# Information provided:
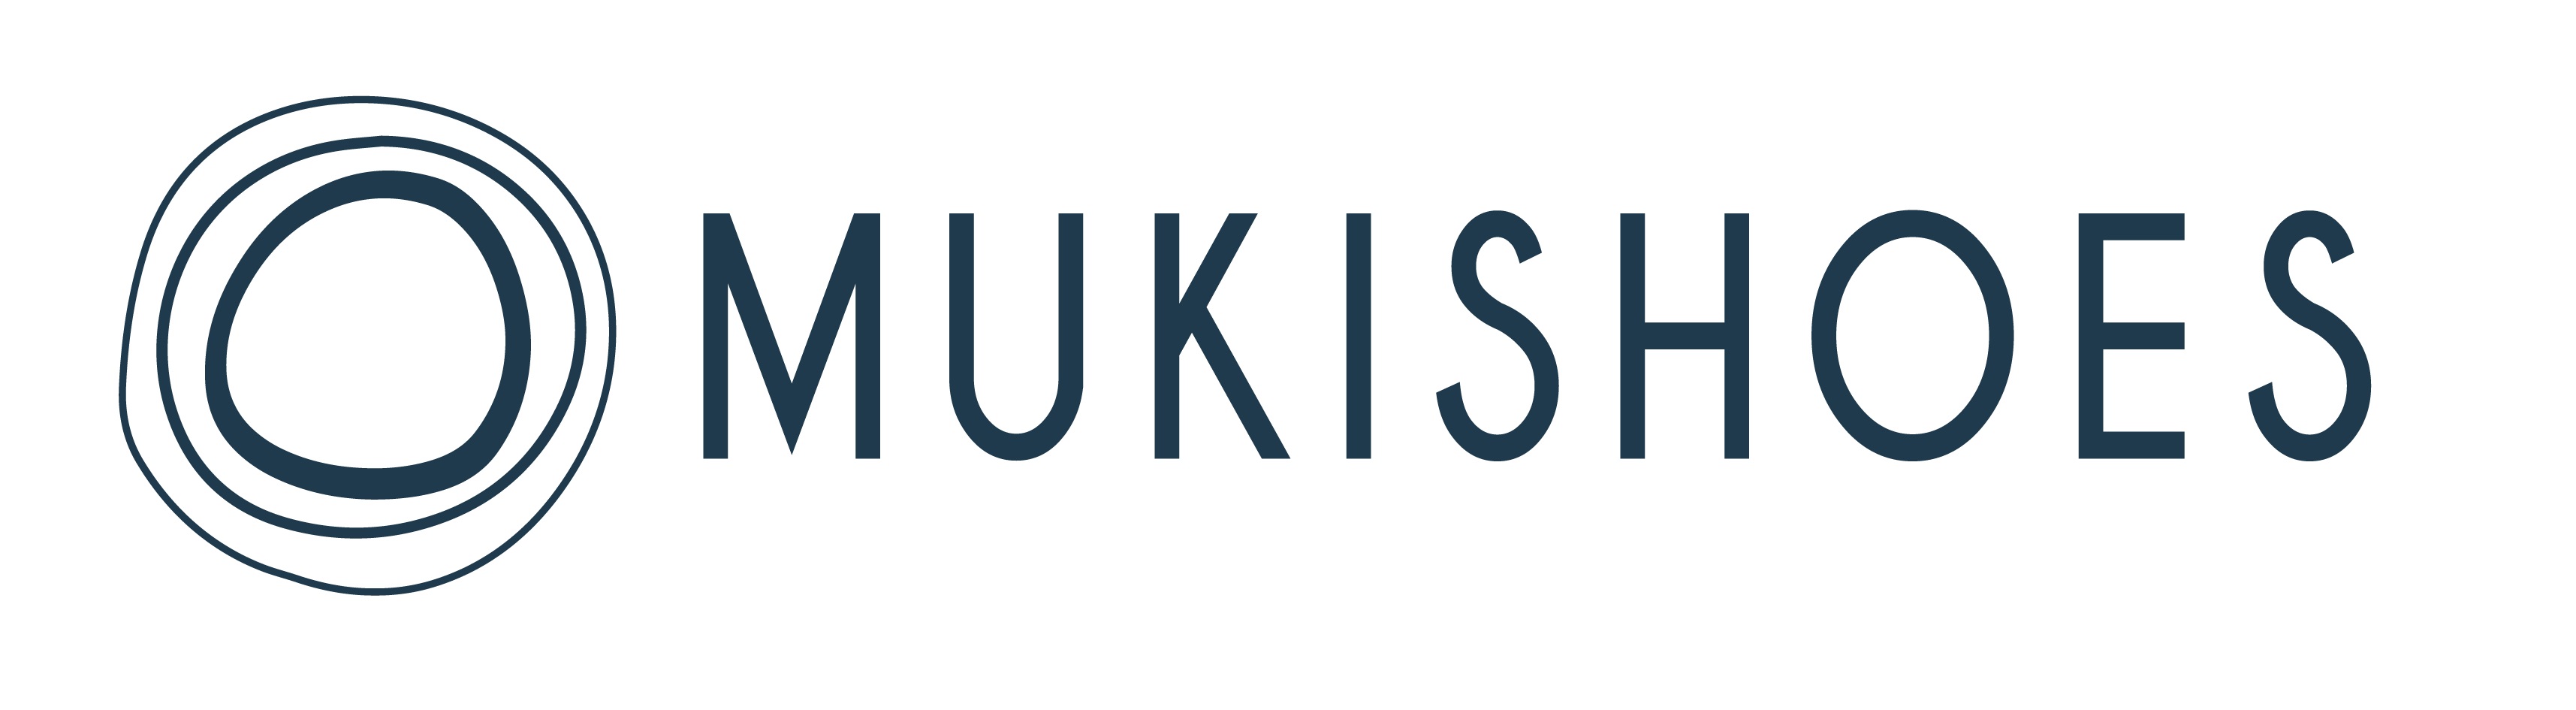 Mukishoes logo
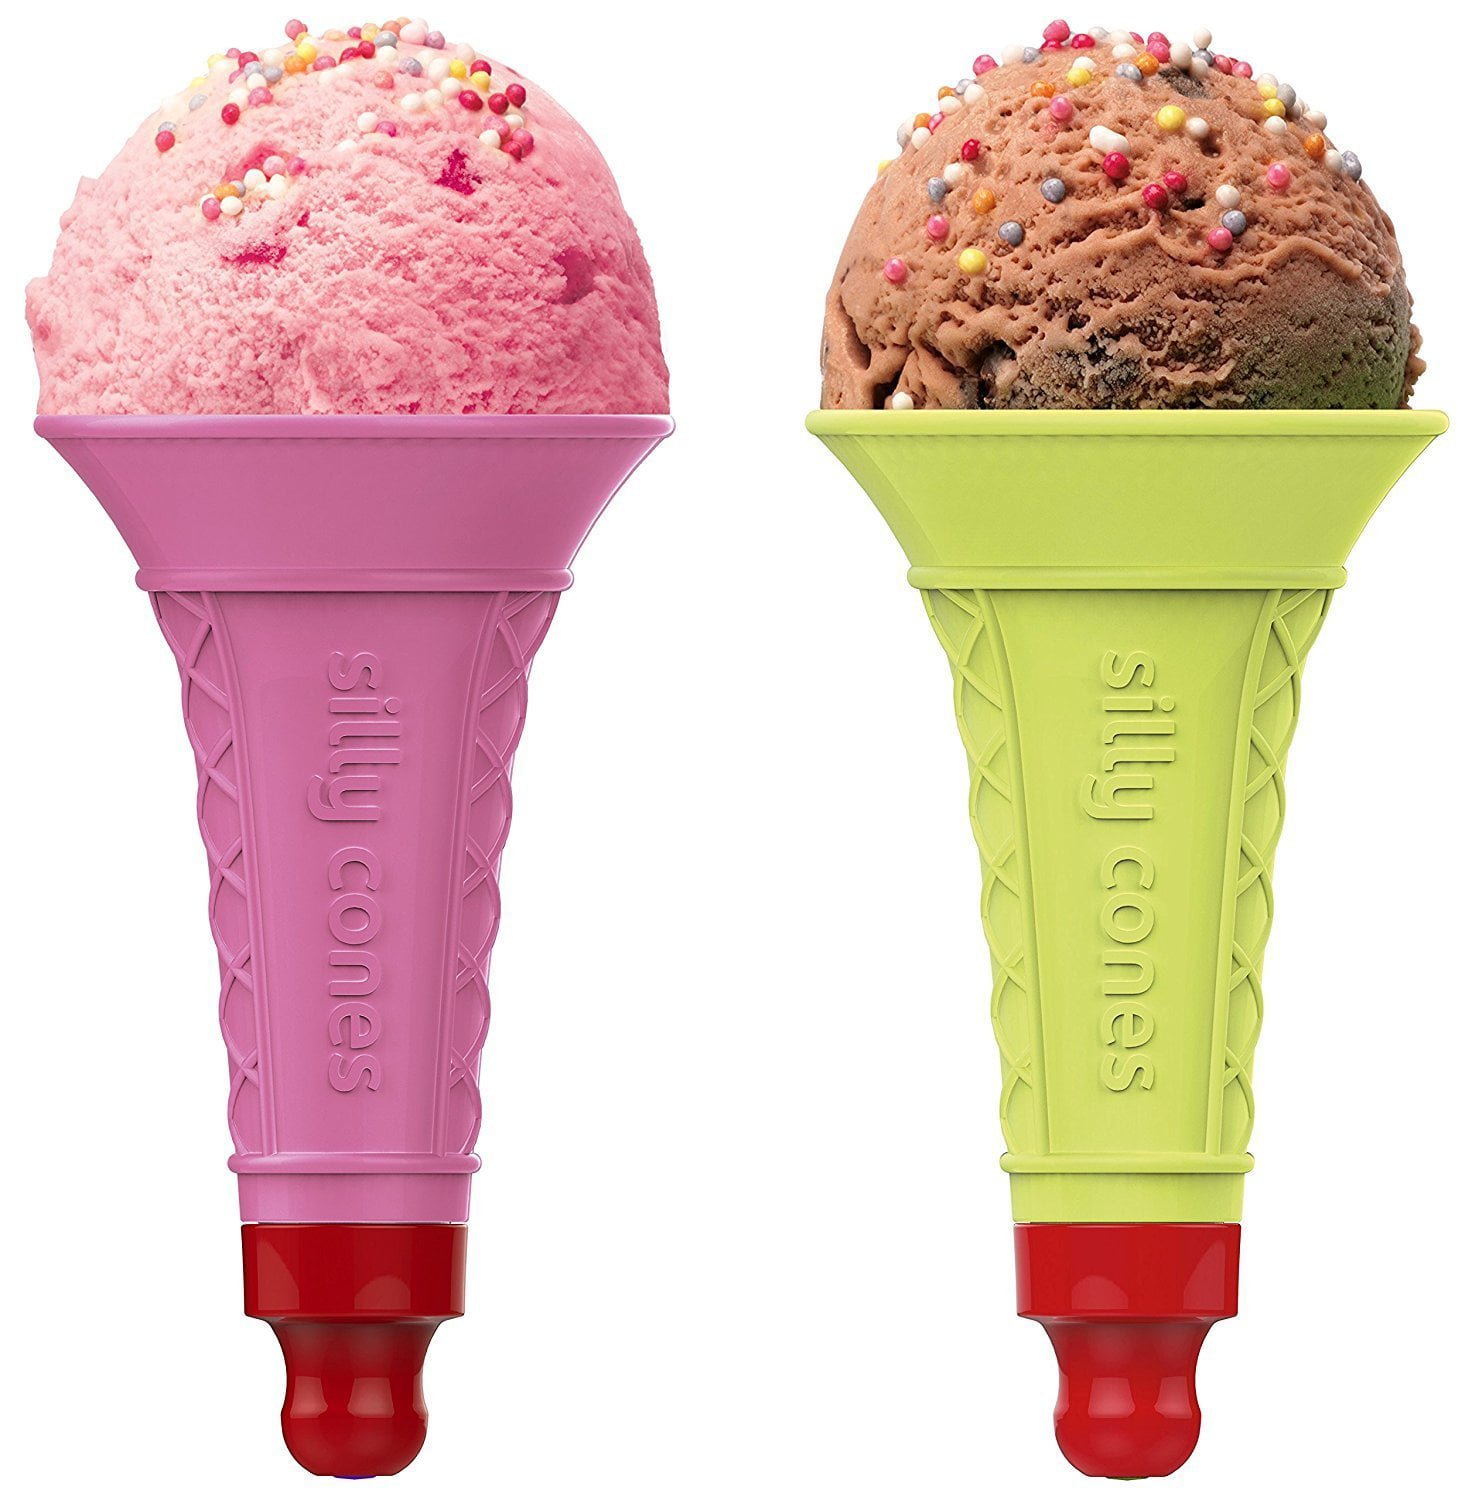 Plastic Ice Cream Cones, Frozen Yogurt Cone Cups, Pack of
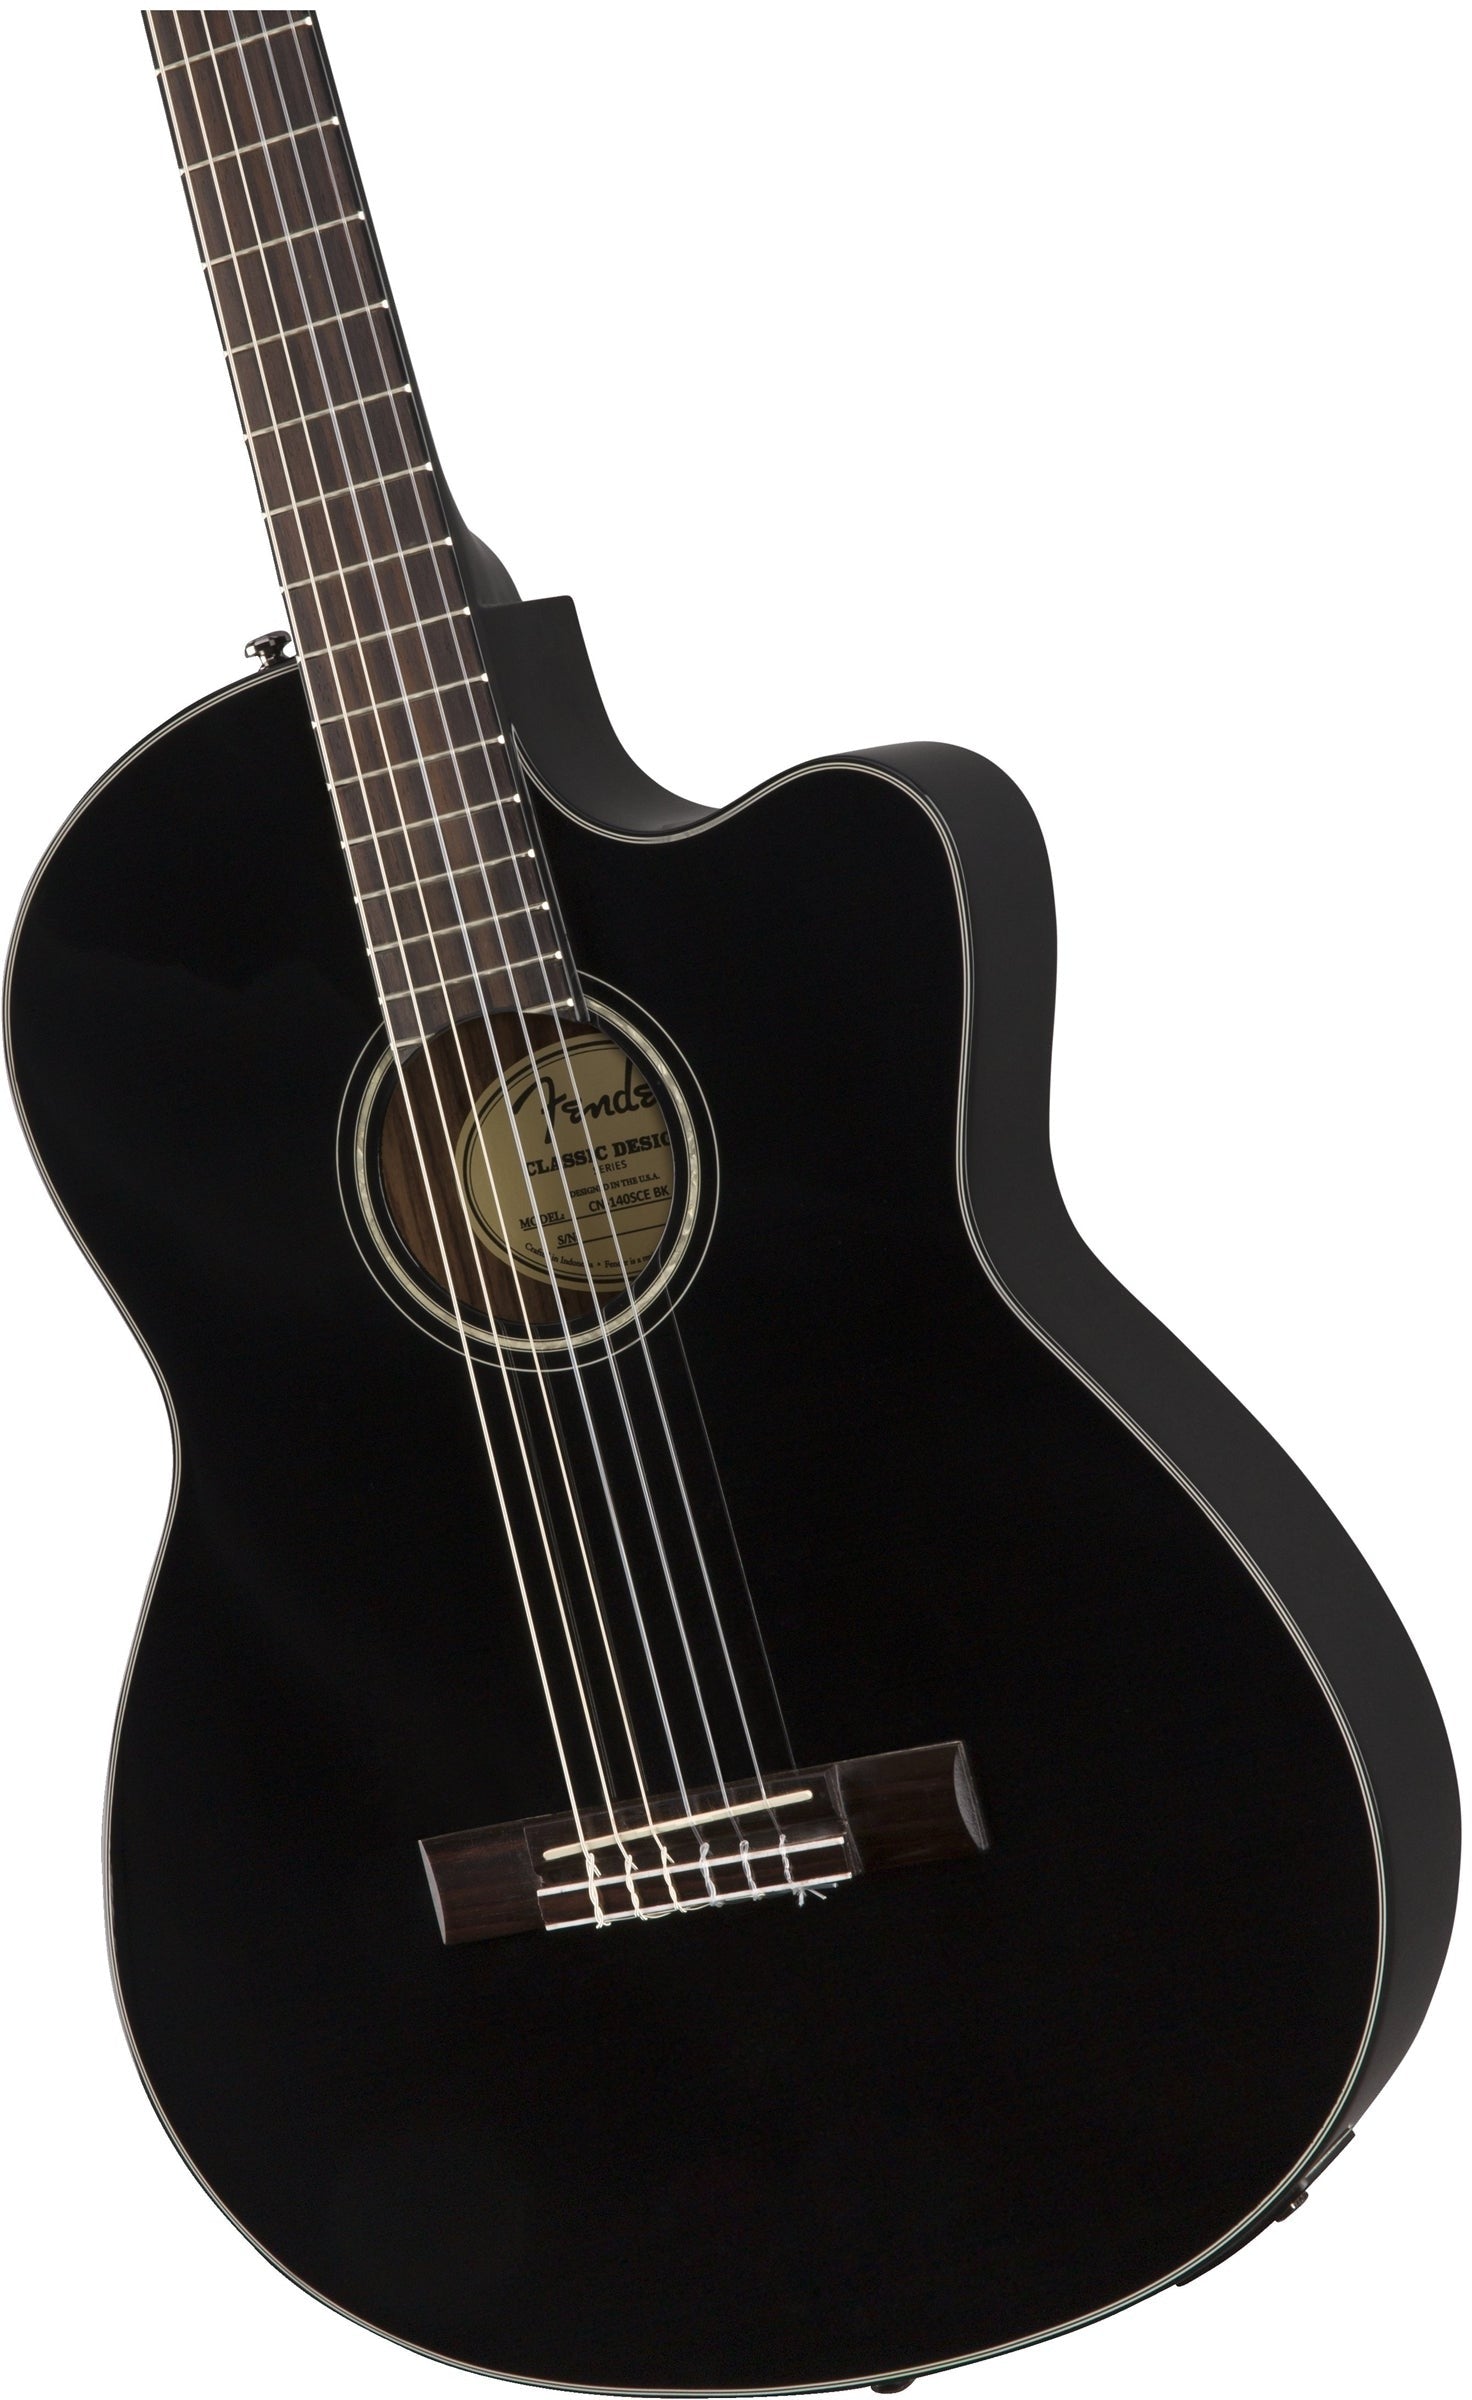 Guitarra Fender negra con fondo y aros de Palosanto. Si buscabas una guitarra para desarrollar tus habilidades, te presentamos la guitarra EQ Fender con Estuche incluido

# Task description:
Give the listing above again in its entirety, exactly as written and free of images.

# Exercise output:
 Mukishoes logo
 Plastic Ice Cream Cones, Frozen Yogurt Cone Cups, Pack of
 Guitarra Fender negra con fondo y aros de Palosanto. Si buscabas una guitarra para desarrollar tus habilidades, te presentamos la guitarra EQ Fender con Estuche incluido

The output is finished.